(WORK TO COMPLETE)
Repeat the listing word for word. No pictures belong in the copy.

(DATASET EXCERPT)
Segment Open

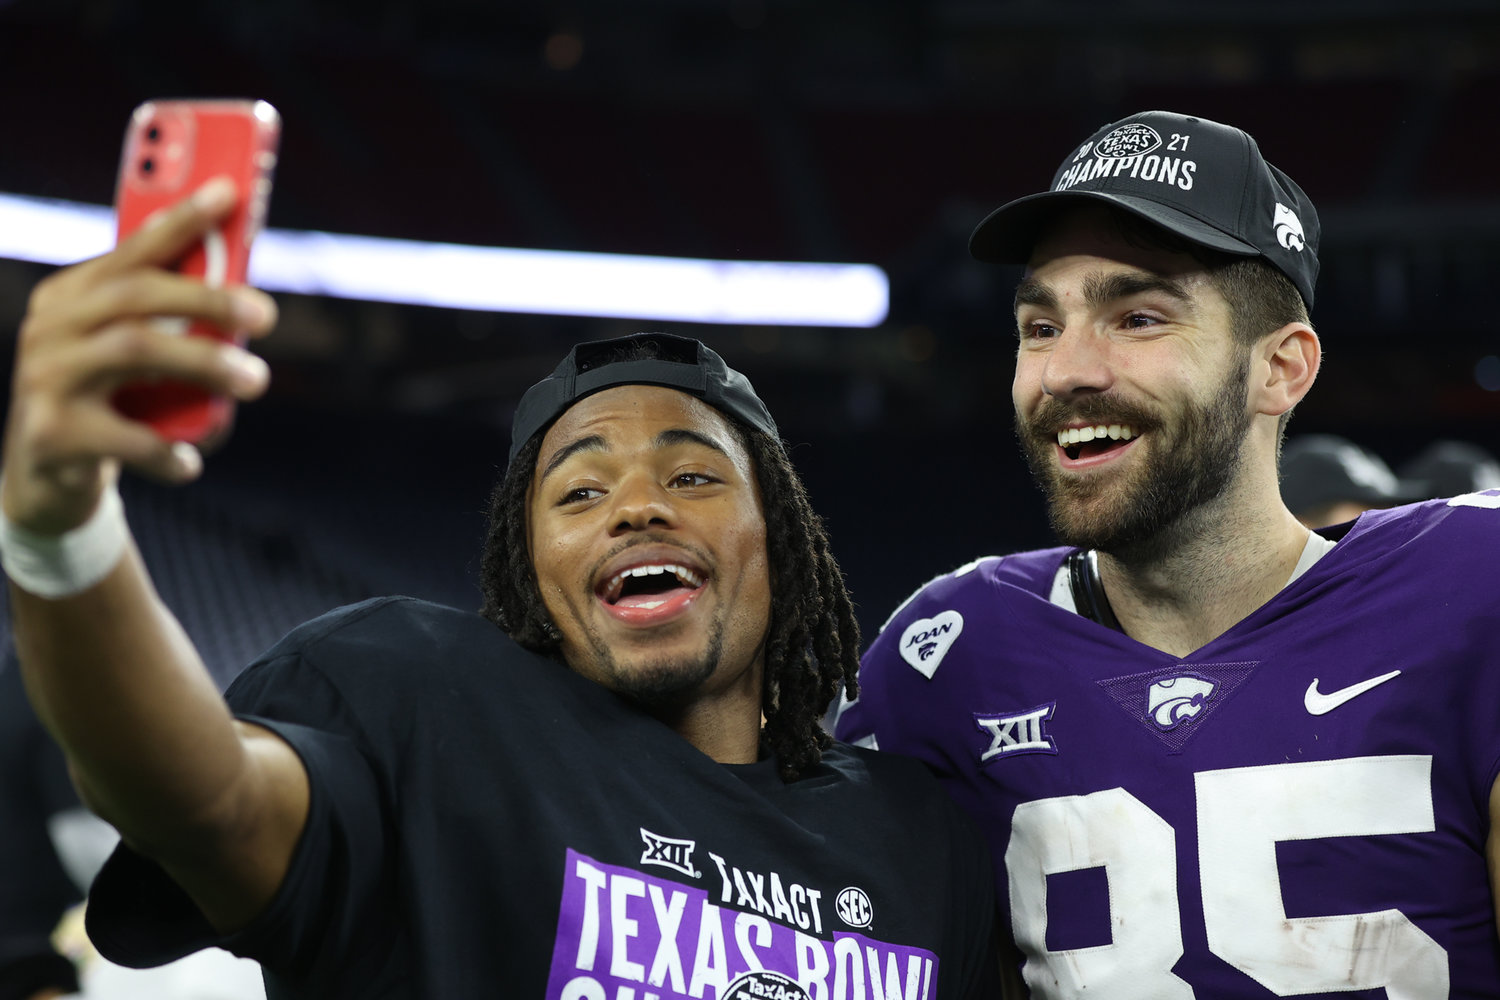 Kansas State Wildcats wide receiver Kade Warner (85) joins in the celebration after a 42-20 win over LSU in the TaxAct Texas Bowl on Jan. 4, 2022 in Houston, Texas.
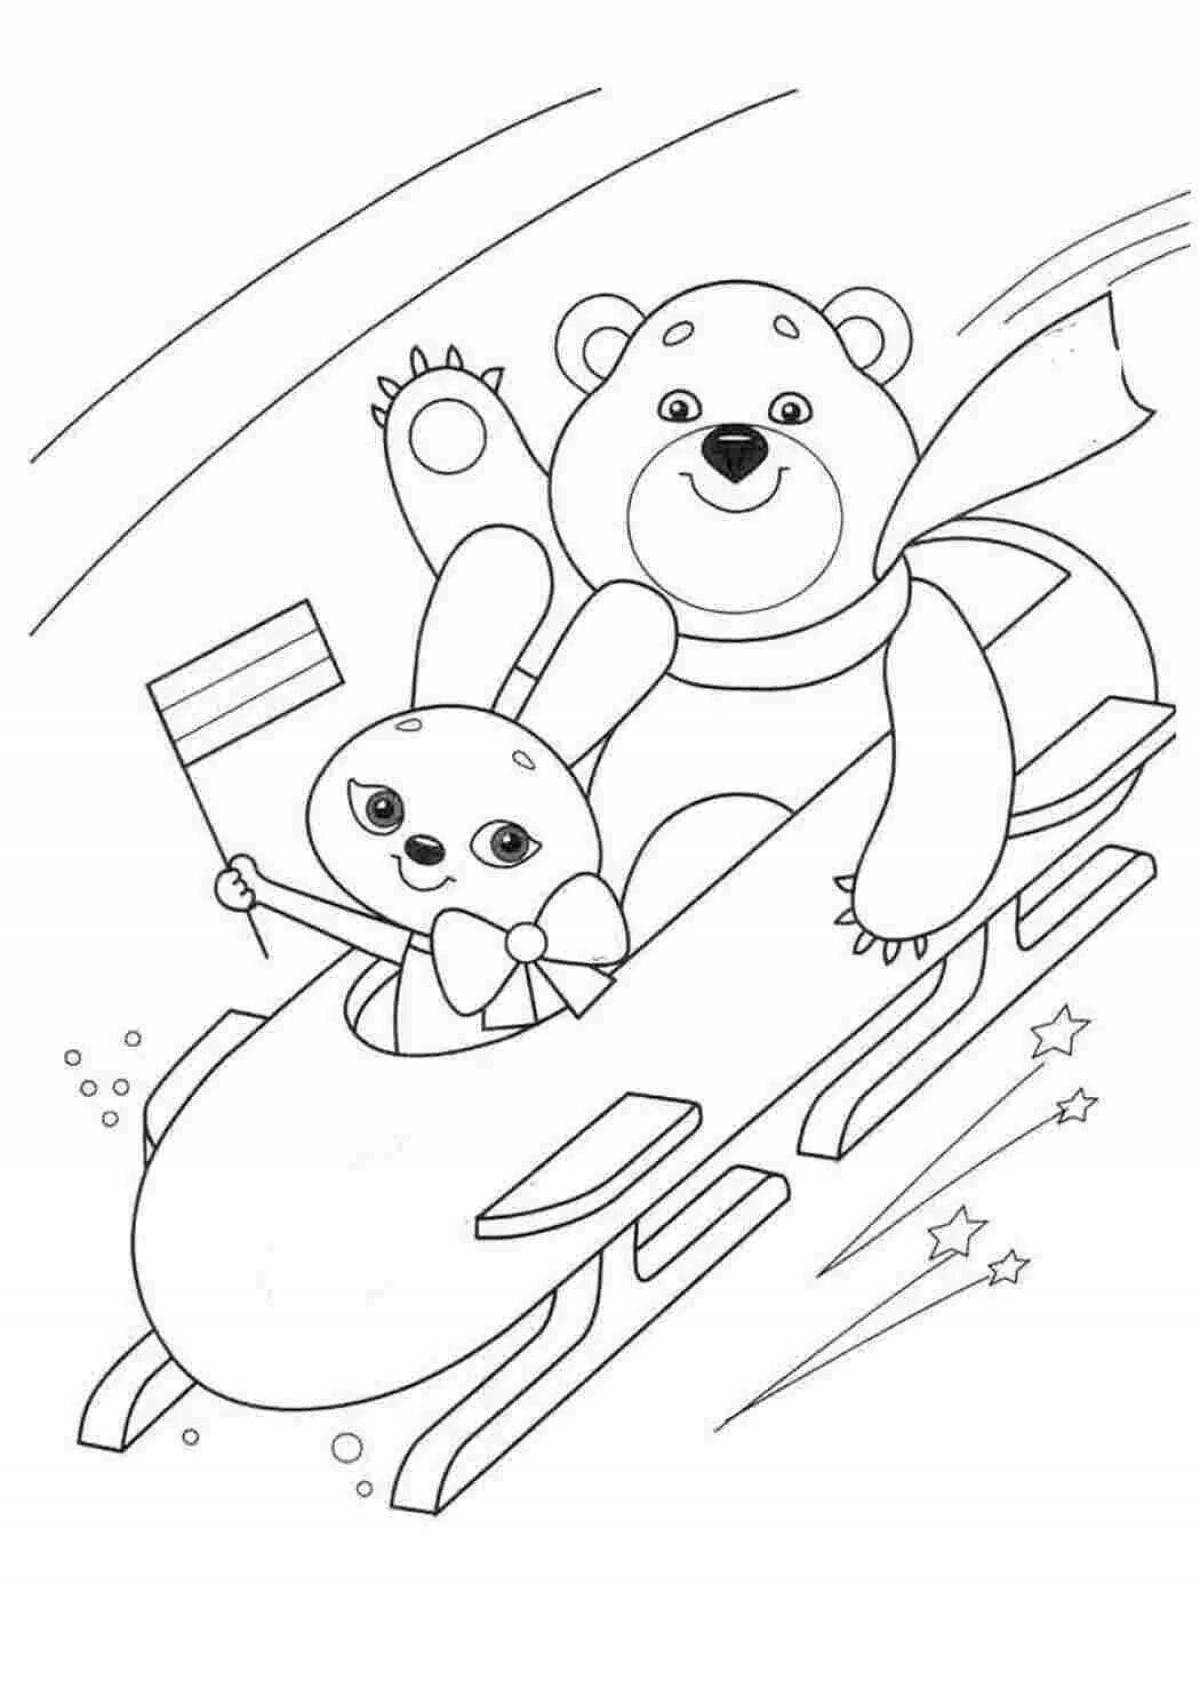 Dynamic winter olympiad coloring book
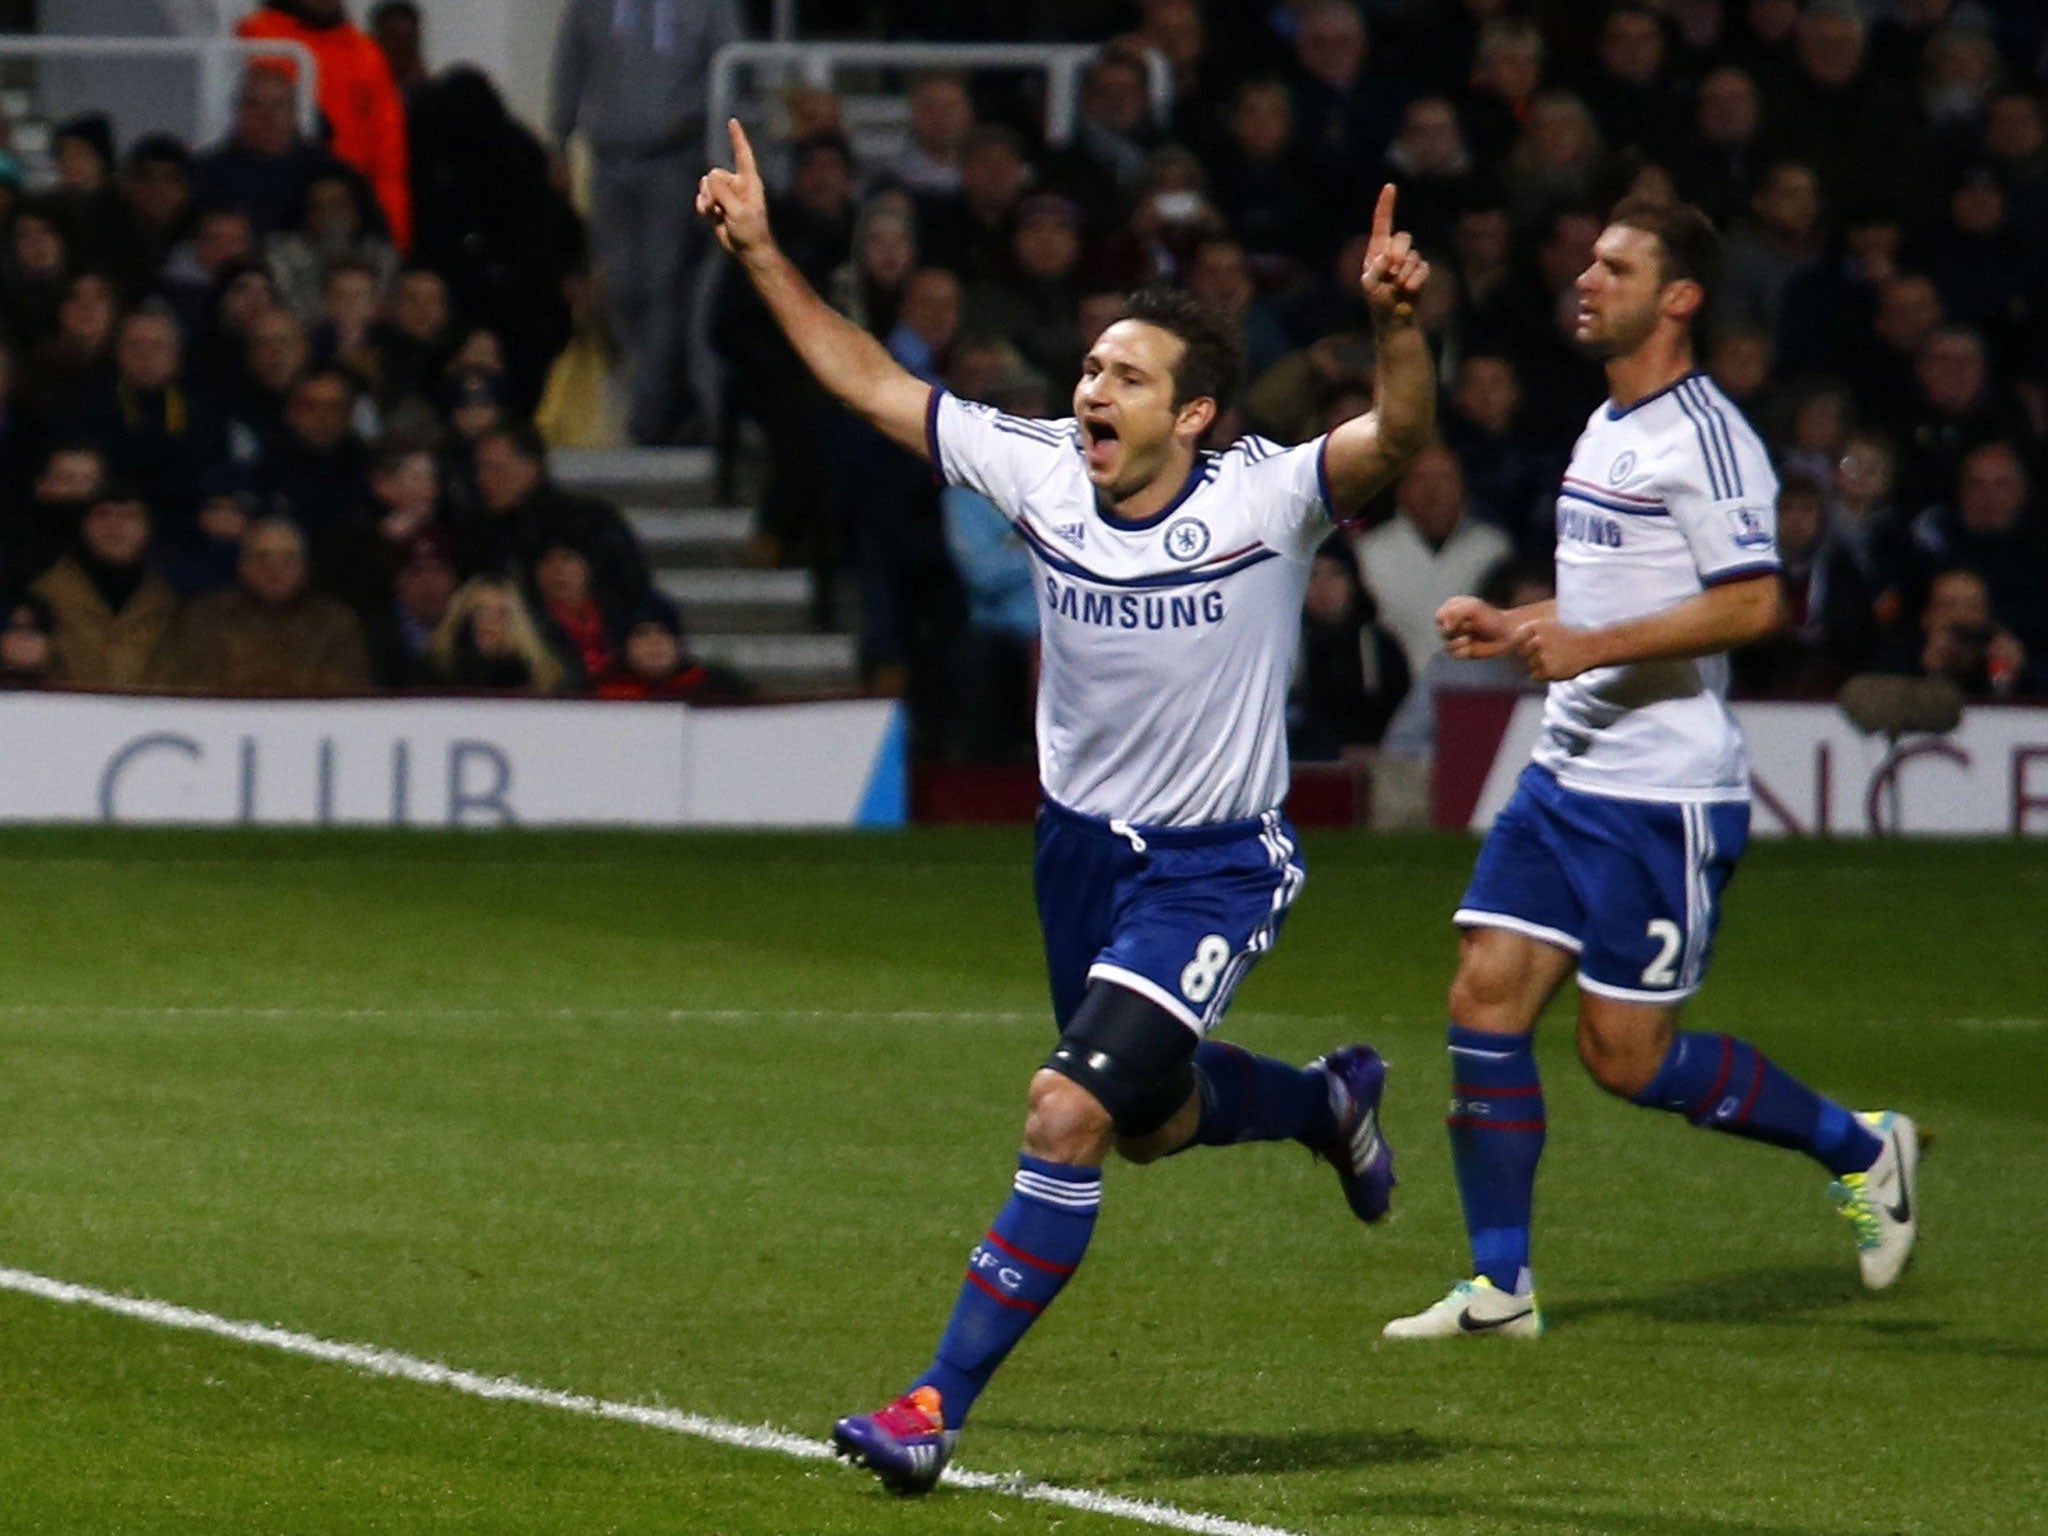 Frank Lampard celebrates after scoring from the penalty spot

Segment Closed

(THE COMPLETED TASK)
 Kansas State Wildcats wide receiver Kade Warner (85) joins in the celebration after a 42-20 win over LSU in the TaxAct Texas Bowl on Jan. 4, 2022 in Houston, Texas.
 Dynamic winter olympiad coloring book
 Frank Lampard celebrates after scoring from the penalty spot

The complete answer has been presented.